In this context, the base layer (10) is applied to the desired area of the bumper (B) as first layer. Subsequently, the said layer is rapidly cured under UV light. Afterwards, the insert (40) that is suitable for the area of usage is located and the interlayer (20) is applied as second layer on the base layer (10) and the insert (40). Similarly, the said interlayer (20) is cured under UV light and the top layer (30) is applied on it as the third layer. With the curing of the top layer (30) with UV light, the strength-enhancing component (R) becomes ready.

In a preferred embodiment of the invention, brackets (50) that is suitable for clip (C) or sensor (S) mounting can be applied directly or together with the insert (40) on the base layer (10). Other layers can be applied on this structure after the curing process of the base layer (10).

In a preferred embodiment of the invention, it is possible to mount components with different desired features on the bumper (B) by using functional inserts (40). For example, a component suitable for the structurally used insert (40) in this region can be mounted by using an insert (40) containing a bolt or nut on the bumper (B),

Within the scope of the invention, said base layer (10) is fixed on the bumper (B) with the curing of the base layer (10). In the preferred embodiment within the said fixing process, the base layer (10) is welded with the bumper (B) material (plastic). In an alternative embodiment, the base layer (10) adheres to the bumper (B) in a high strength.

In the preferred embodiment of the invention, there is an adhesive interlayer (70) between the layers that are the base layer (10), the interlayer (20) and the top layer (30). Said adhesive interlayer (70) is the adhesive applied between the layers. In the preferred embodiment, said adhesive interlayer (70) may be resin-based.

In the preferred embodiment, structure can become stable by increasing its effectiveness during the curing of the layer which is located on the adhesive intermediate layer (70).

In the preferred embodiment of the invention, the inserts (40) are made of steel material.

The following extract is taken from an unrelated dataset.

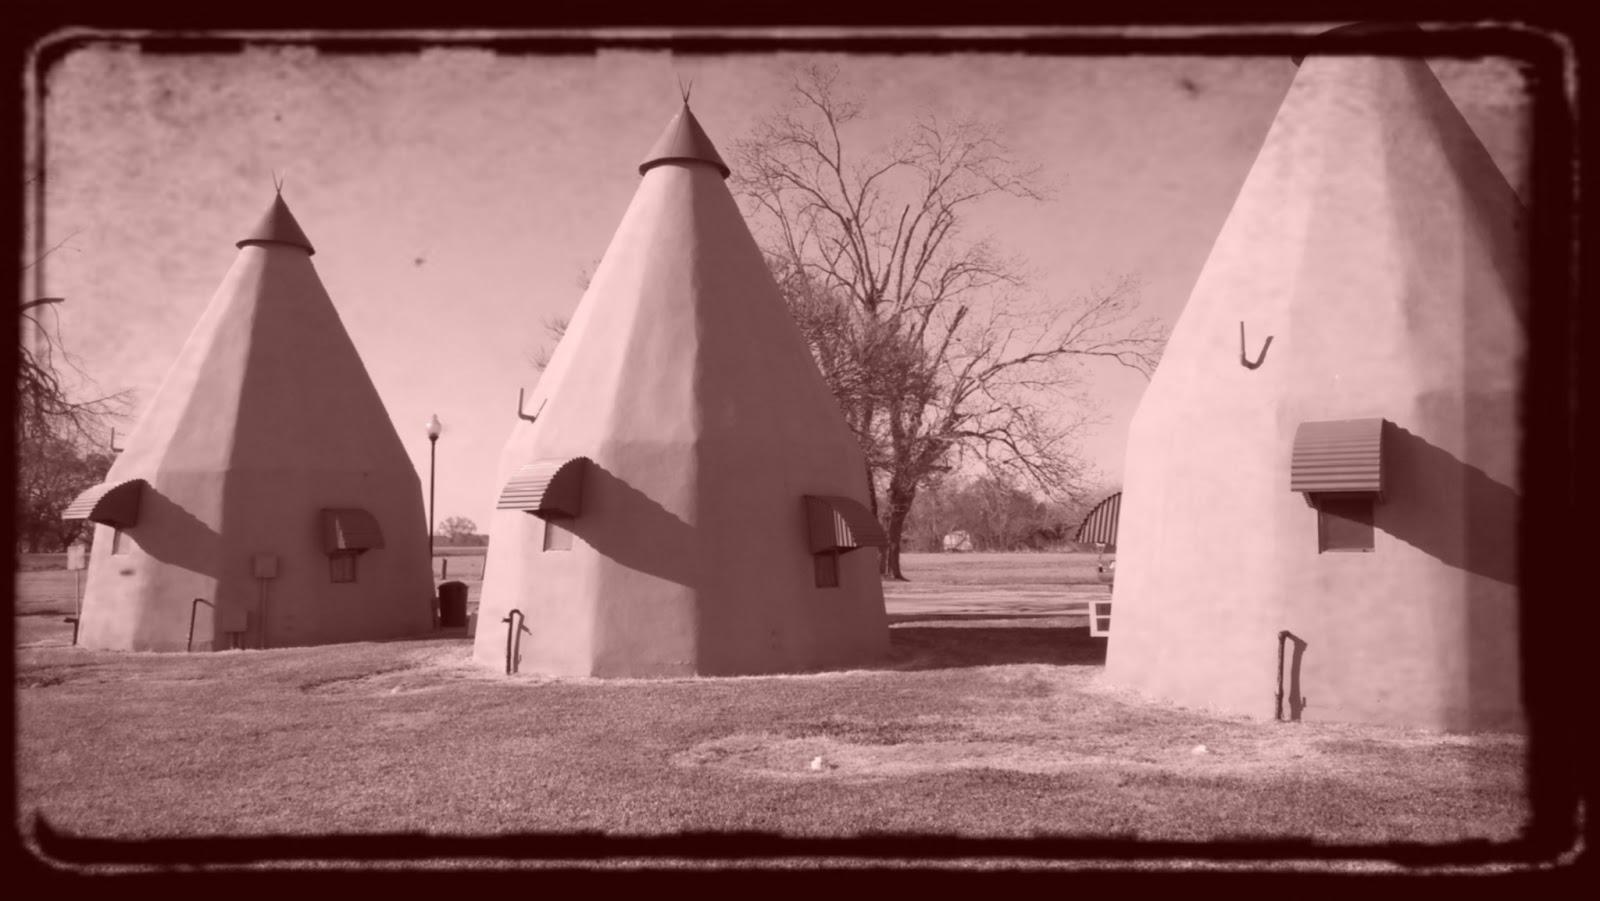 Tee Pee Motel & RV Park Wharton, TX: opiniones y

In other preferred embodiments, hard plastic or composite materials can be used.

In the preferred embodiment, a Xenon light source used for curing as a light source.

In Figure 3A, the structure of the absorber (A) that is fixed to the bumper (B) with the strength-enhancing component (R) with increased shock absorbing feature is given within the scope of the invention. In this context, the absorber (A) can be positioned directly on the base layer (10) together with the insert (40) or preferably without using the insert (40). said absorber (A) merges with the bumper (B) with the curing of the base layer (10) and/or the interlayer (20).

In Figure 3B, a representative drawing showing the application of the clips (C) on the bumper (B) within the scope of the invention is given. In this scope, the clip (C) holding bracket (50) is positioned directly on the base layer (10) or the insert (40) positioned to lower section of the bracket (50) during the formation of the layers, and the layers are cured within the scope of the above-mentioned process steps. Similarly, in figure 3C shows, common usage of configuration the sensor (S) and clip (C) application together. Similar to the clip (C) process, the sensor (S) holding brackets (50) that enables the sensors (S) to be held are positioned on the base layer (10) with the insert (40) at the bottom or directly positioned/adhered on the bumper (B) during the curing processes, and then other layers are formed on the upper part and the curing processes are completed.

In the preferred alternative embodiment of the invention, the strength-enhancing component (R) structure, which is in the form of the above-mentioned base layer (10) - adhesive interlayer (70) - interlayer (20) - adhesive interlayer (70) - top layer (30) can be more than three main layers by increasing the number. In this context, an adhesive interlayer (70) can be used in between the layers or direct application can be made one layer top of other layer.